## AIM OF THE TASK
Transcribe only the part of the material below that begins at the line containing "Xenoblade Chronicles X" and ends at the line containing "Looking good and", with both kept and images left out.

## SUPPLIED MATERIAL
________
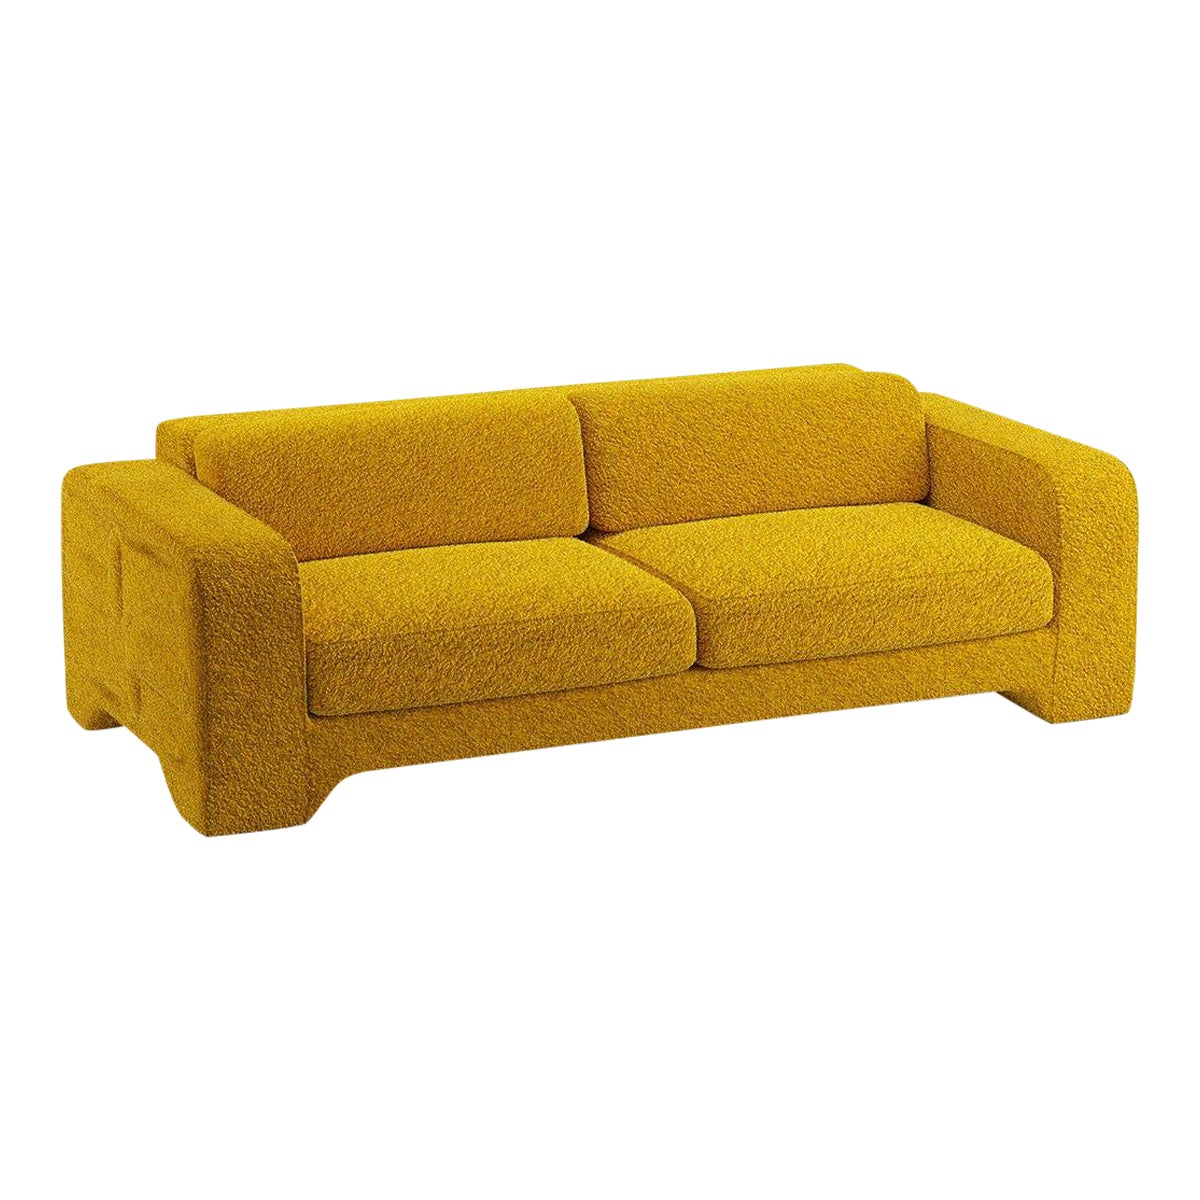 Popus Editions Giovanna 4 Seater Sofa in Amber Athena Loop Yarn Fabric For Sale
________
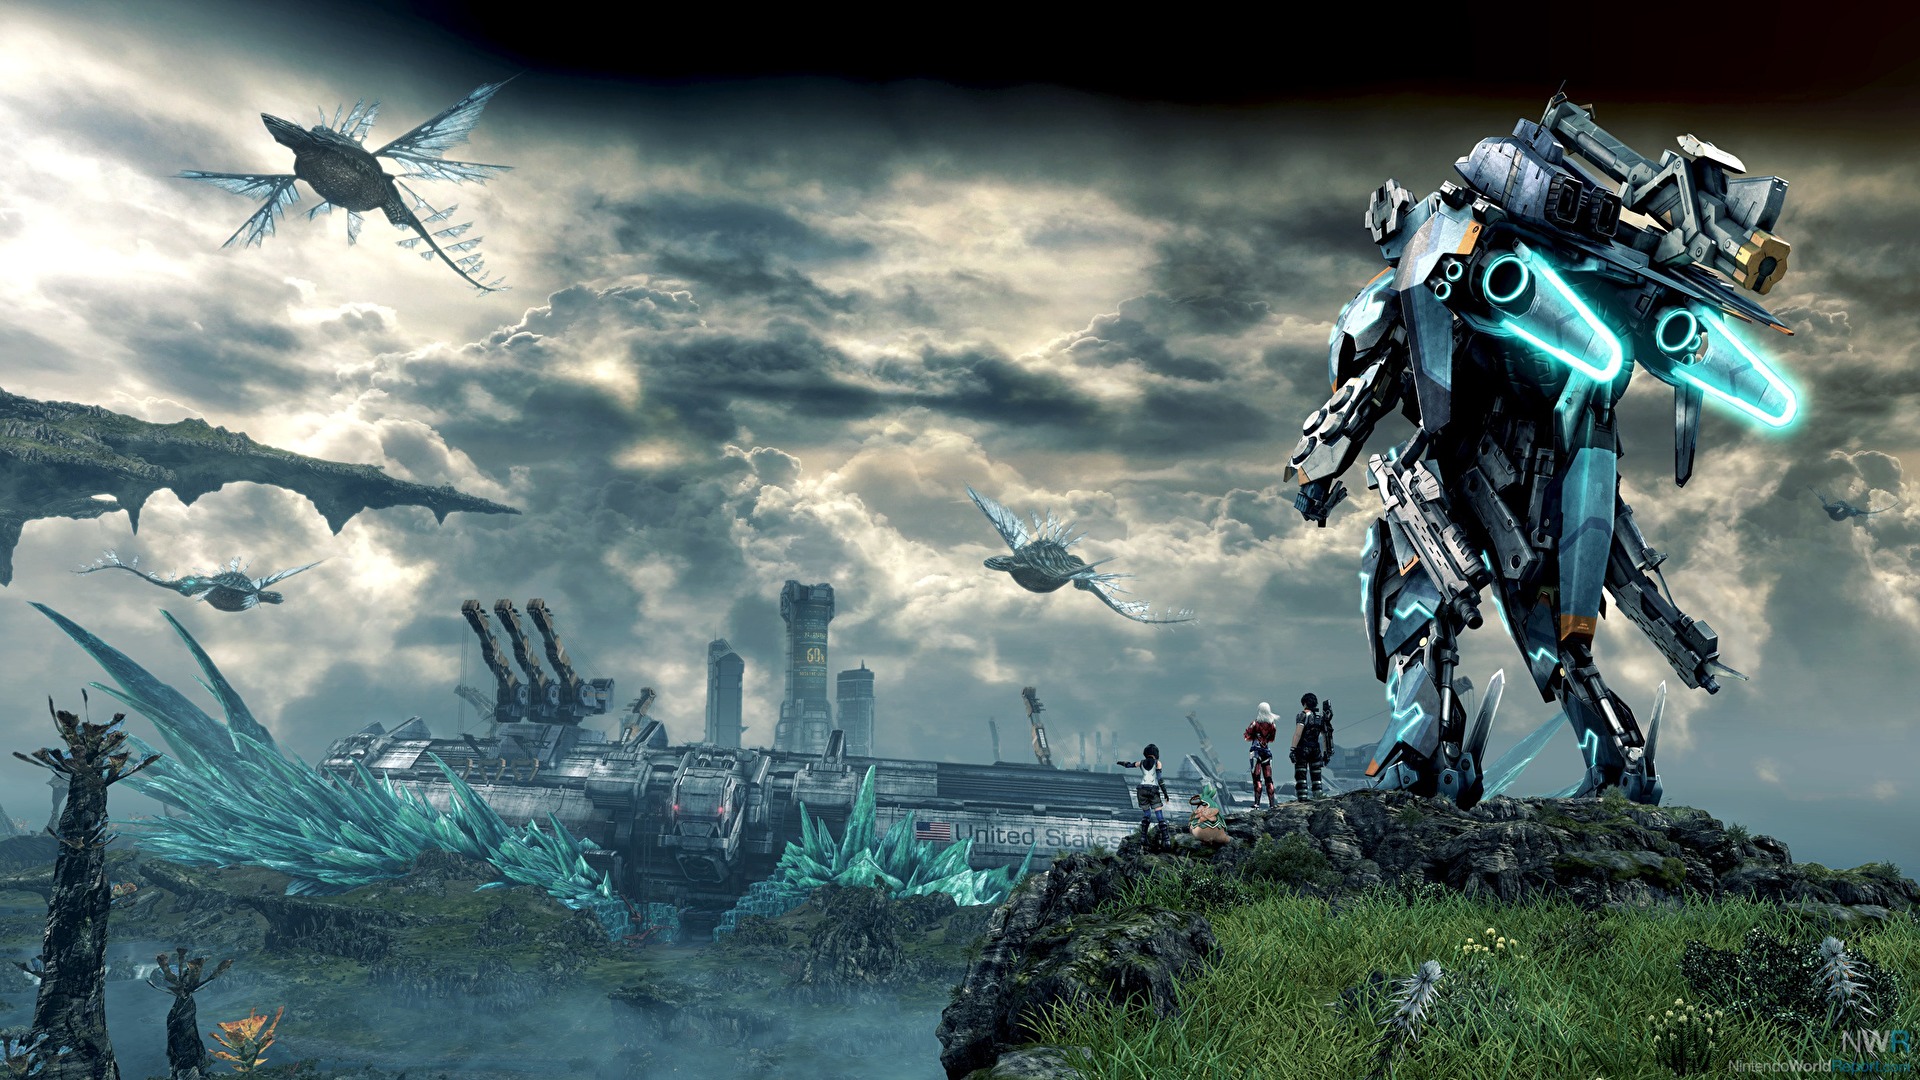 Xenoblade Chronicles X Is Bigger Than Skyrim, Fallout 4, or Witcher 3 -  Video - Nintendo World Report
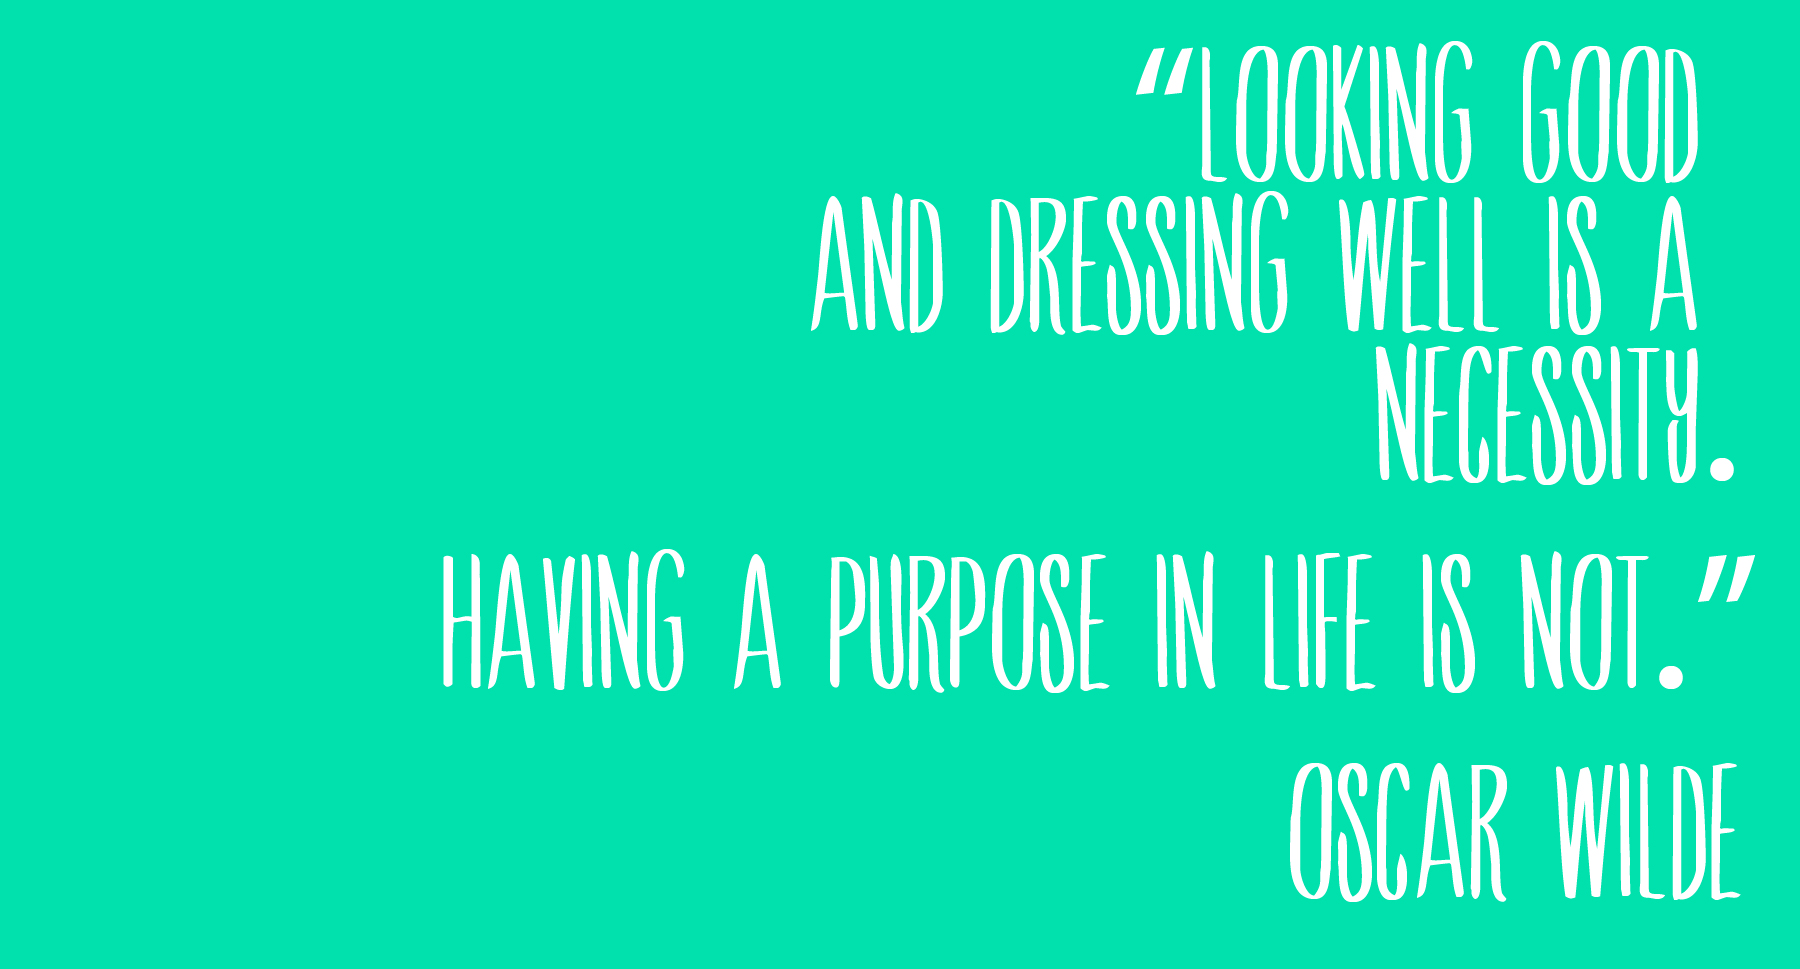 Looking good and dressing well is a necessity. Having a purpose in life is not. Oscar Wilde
________
## TASK ANSWER
 Xenoblade Chronicles X Is Bigger Than Skyrim, Fallout 4, or Witcher 3 -  Video - Nintendo World Report
 Looking good and dressing well is a necessity. Having a purpose in life is not. Oscar Wilde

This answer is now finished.